Shadows in monochrome

Shadows can be a very important part of a photograph. They give a sense of weight and of depth to an image. This is particularly important in black and white photographs for, without the presence of colour, monochrome images rely on tonal values, texture and shapes to form a powerful image.

The following images show how I like to present shadows. There are always exceptions depending on subject and light, but for establishing the depth and darkness of the shadows I usually approach them in the same way.

Whilst taking the photograph I ensure that the shadows are not blocked out and that the lights are not blown. With the Fuji cameras I use, recovery of detail in the darker areas of the picture is usually very good indeed, so a miscalculation in the shadow depth is not always a disaster. They can normally be recovered in post-processing [PP]. However, getting it right in camera is obviously the best way to go, it will mean less work in PP. I always ensure the whites are not blown. If the camera has not captured any detail in the brighter areas of the image, then no amount of PP will bring them back.

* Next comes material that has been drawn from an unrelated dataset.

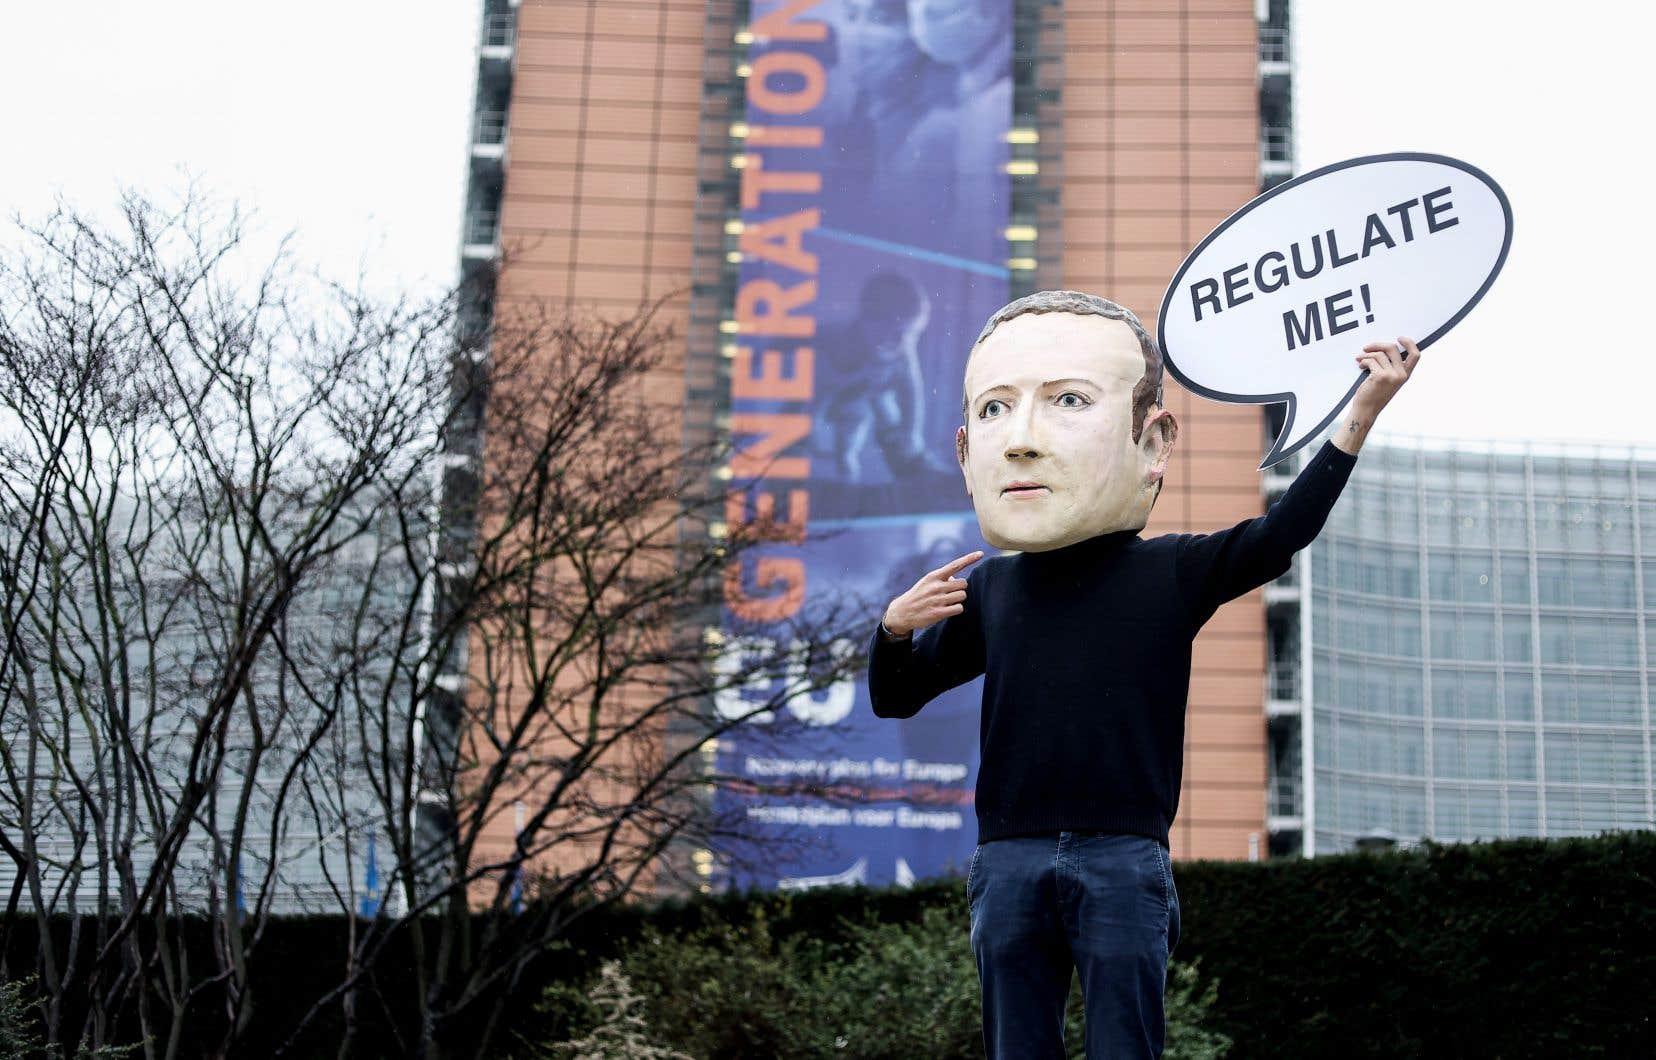 L'entreprise subit des pressions de par le monde pour payer plus d'impôts et mieux restreindre les discours haineux. En photo, un manifestant portant un masque à l'effigie du p.-d.g. de Facebook, Mark Zuckerberg, devant le bâtiment de la Commission européenne à Bruxelles en décembre 2020.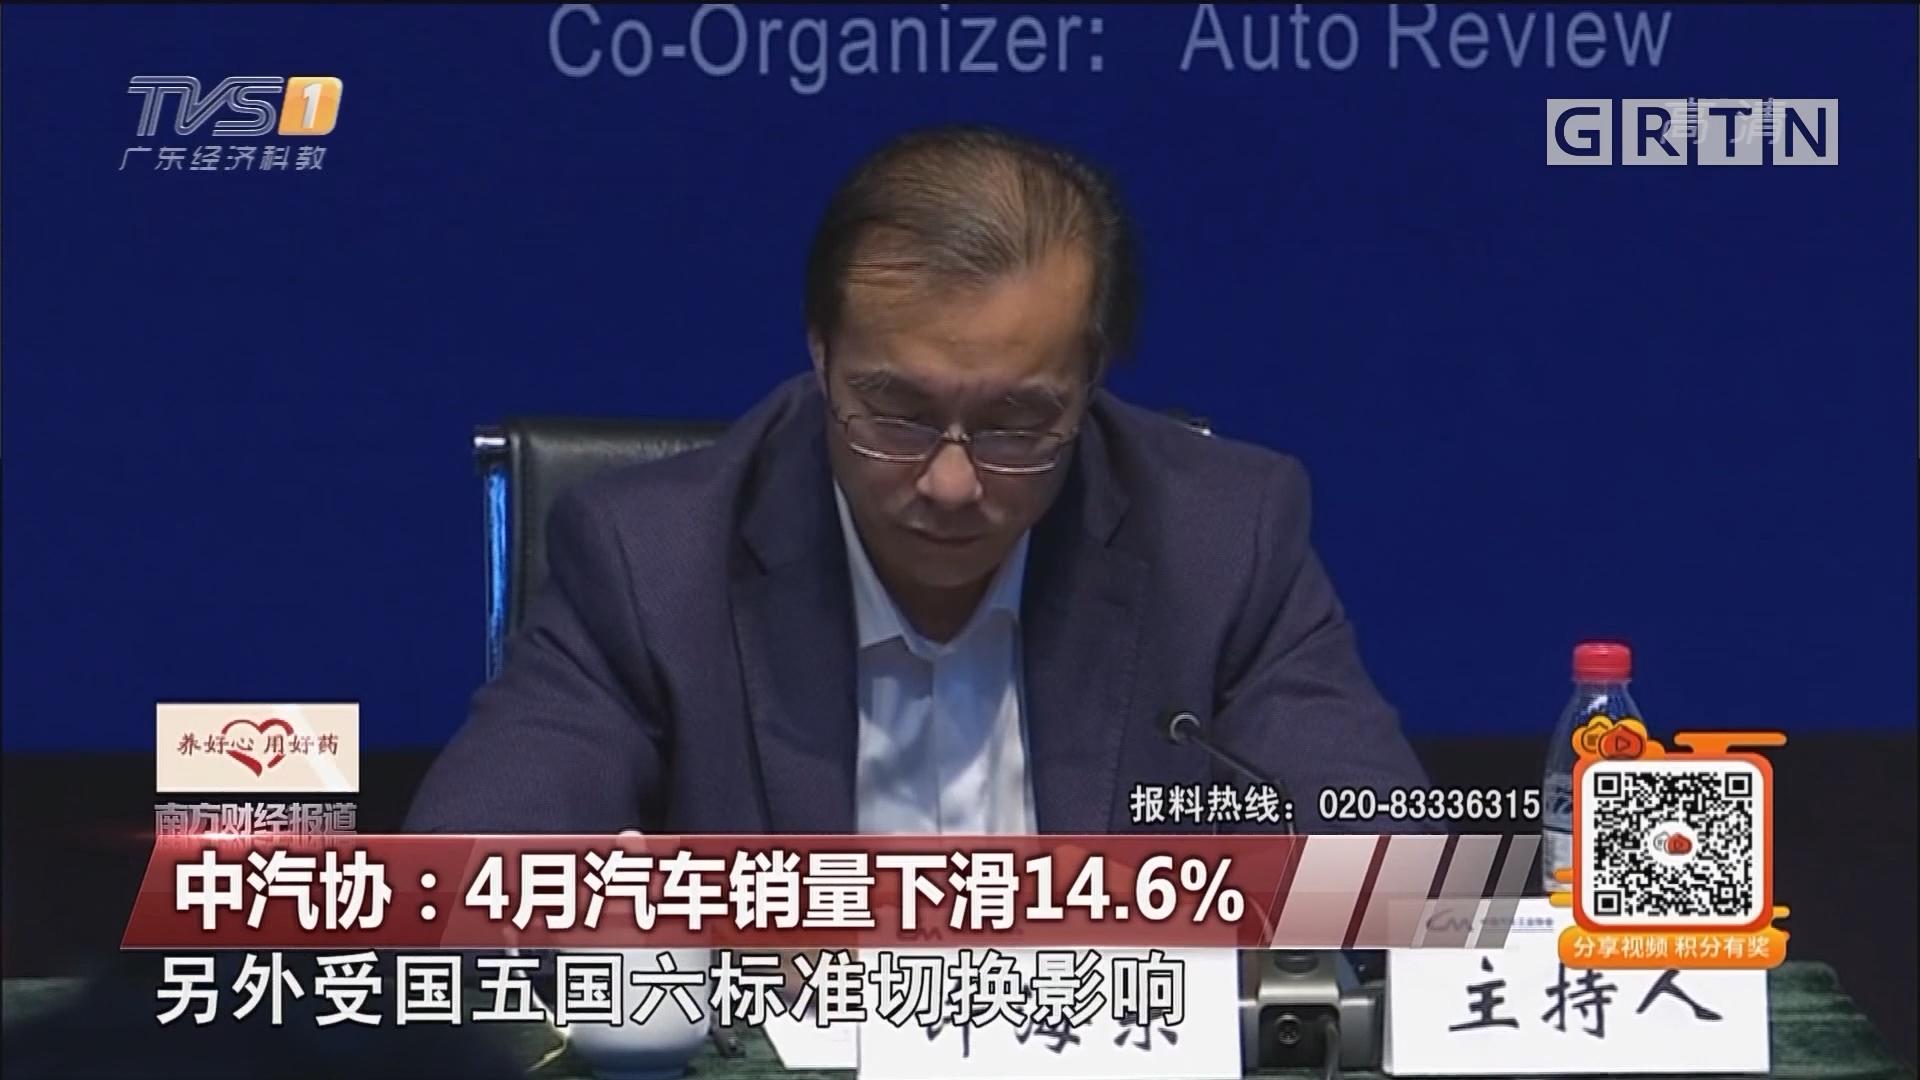 中汽协:4月汽车销量下滑14.6%

Once the images are in my processing workflow, then I continually check that the white and black points are not blown or blocked using Levels. If they are then I re-adjust. This can happen throughout processing particularly in sharpening.

As I print my finished images, I personally prefer to ensure that I can print shadows without blocking and light areas without leaving the paper itself to emulate pure white. This eliminates the slight halo that can occur around the edge of a non-printed area on a print. The final tweak for white and black points happens in soft-proofing the photograph before the printing is done.

Fujifilm X-T1, Fujinon XF18-135mm F/3.5-5.6 R LM OIS WR

In this image, the harsh directional light produces shadows from the walls of the building which I have darkened whilst still retaining detail. Of course, this could have been approached in a more contrast-orientated manner and would have been equally viable.

Fujifilm X-T1, Fujinon XF18-135mm F/3.5-5.6 R LM OIS WR

The diagonal shadows in this picture formed a strong movement through the image in contrast to the lines of the steps. The detail in the shadows ensures that the image does not become disjointed between its light and dark areas.

Fujifilm X-T1, Fujinon XF18-135mm F/3.5-5.6 R LM OIS WR

The image shows that with careful use of shadows and the detail within them, a composition can work almost as an abstract by using the contrast between light and dark, whilst still retaining its representational values.